** Records to use follows **

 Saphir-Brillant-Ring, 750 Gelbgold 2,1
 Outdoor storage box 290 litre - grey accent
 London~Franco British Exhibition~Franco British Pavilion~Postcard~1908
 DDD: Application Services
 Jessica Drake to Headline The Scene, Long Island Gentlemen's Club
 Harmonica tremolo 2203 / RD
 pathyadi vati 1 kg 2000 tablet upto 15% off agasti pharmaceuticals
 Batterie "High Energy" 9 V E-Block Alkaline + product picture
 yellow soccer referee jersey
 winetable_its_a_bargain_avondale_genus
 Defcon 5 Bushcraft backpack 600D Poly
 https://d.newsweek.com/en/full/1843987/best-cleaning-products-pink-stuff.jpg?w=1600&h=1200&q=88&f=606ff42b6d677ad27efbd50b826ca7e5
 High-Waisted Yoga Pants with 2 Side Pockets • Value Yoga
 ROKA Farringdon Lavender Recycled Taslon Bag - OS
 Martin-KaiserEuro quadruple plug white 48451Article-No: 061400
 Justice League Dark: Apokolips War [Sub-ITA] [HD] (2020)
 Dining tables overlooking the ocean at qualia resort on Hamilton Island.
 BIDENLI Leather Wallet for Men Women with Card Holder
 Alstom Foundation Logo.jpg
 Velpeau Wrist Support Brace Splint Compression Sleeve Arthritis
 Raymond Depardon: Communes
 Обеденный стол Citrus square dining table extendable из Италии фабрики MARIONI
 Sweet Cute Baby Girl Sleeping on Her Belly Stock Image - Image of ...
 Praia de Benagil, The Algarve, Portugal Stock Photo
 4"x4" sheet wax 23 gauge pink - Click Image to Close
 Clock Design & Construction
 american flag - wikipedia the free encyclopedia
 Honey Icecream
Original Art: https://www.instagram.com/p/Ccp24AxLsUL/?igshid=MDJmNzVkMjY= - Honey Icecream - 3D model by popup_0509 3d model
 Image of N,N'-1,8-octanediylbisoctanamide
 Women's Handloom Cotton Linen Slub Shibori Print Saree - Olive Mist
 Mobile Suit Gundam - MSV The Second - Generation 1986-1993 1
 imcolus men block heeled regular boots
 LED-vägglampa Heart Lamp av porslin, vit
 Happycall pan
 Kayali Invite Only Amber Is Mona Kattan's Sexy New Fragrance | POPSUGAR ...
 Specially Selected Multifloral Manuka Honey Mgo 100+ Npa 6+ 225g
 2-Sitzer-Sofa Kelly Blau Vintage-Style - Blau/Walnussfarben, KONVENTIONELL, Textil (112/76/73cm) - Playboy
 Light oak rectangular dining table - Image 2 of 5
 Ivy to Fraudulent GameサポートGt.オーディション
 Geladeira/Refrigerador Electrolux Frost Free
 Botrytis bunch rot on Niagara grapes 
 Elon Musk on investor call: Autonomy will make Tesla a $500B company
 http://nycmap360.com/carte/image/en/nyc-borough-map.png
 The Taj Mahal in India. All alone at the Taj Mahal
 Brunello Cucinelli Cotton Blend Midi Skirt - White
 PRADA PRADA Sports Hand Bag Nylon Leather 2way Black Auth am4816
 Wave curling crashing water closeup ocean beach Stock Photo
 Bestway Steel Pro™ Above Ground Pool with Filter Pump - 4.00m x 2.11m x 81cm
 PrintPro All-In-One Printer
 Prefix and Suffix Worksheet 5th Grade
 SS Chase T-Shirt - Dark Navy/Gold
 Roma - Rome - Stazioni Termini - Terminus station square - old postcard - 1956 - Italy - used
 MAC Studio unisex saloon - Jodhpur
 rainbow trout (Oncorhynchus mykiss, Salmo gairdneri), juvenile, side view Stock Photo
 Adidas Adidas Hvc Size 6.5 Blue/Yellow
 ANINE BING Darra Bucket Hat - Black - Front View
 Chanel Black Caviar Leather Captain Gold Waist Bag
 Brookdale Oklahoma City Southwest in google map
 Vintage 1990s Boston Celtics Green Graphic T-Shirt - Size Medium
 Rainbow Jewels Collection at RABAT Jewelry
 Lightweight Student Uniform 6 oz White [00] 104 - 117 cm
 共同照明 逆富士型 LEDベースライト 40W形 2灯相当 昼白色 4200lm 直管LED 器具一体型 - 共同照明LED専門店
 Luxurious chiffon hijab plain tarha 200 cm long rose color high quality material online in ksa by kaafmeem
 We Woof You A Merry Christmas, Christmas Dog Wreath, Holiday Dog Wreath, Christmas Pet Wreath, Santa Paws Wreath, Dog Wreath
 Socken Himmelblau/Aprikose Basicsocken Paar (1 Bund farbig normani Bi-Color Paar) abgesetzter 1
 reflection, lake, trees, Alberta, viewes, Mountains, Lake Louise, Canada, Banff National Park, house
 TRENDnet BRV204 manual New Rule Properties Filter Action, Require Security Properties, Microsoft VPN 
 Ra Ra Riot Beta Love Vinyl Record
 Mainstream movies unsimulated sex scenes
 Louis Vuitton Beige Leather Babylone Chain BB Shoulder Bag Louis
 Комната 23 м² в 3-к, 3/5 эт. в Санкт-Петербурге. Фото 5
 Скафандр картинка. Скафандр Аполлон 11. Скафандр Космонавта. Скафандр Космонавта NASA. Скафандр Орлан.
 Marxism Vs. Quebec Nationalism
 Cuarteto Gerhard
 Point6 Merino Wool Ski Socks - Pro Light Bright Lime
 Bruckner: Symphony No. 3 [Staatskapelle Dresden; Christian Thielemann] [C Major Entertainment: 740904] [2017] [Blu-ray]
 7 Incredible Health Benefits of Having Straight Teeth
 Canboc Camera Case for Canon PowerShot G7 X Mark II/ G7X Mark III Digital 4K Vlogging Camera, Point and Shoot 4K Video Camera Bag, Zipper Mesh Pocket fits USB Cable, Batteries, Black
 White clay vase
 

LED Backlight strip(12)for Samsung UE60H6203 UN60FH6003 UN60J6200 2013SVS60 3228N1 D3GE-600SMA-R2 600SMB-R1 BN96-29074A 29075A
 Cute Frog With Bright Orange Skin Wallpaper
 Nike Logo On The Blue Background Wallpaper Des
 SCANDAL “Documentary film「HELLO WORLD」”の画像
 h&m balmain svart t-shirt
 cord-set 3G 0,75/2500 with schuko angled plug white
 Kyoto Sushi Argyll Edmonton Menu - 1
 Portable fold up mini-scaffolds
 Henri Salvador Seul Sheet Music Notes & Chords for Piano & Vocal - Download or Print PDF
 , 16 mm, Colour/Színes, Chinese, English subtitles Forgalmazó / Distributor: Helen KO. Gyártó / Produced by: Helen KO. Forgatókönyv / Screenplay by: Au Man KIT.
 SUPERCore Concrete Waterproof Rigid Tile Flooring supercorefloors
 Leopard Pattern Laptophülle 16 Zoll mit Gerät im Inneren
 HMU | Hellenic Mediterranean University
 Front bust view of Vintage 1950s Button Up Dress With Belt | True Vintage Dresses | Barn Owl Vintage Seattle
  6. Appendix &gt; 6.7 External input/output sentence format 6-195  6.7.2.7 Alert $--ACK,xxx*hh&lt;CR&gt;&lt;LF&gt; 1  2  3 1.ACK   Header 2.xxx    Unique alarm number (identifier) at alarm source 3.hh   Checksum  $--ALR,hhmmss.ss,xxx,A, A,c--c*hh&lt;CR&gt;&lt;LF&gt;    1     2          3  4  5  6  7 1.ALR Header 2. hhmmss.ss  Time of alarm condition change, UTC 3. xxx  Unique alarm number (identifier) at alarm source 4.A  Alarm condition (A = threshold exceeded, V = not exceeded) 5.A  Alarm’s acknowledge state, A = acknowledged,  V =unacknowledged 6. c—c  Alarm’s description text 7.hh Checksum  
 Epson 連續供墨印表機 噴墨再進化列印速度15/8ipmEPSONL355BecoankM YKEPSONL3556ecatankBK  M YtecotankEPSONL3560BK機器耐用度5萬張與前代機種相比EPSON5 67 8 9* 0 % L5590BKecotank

** End of Records to use **

● What is expected
All lines from the first line of the listing above through the line containing "Harmonica tremolo 2203 / RD" are to be retyped exactly. Leave out any other line.

● Output for this exercise
 Saphir-Brillant-Ring, 750 Gelbgold 2,1
 Outdoor storage box 290 litre - grey accent
 London~Franco British Exhibition~Franco British Pavilion~Postcard~1908
 DDD: Application Services
 Jessica Drake to Headline The Scene, Long Island Gentlemen's Club
 Harmonica tremolo 2203 / RD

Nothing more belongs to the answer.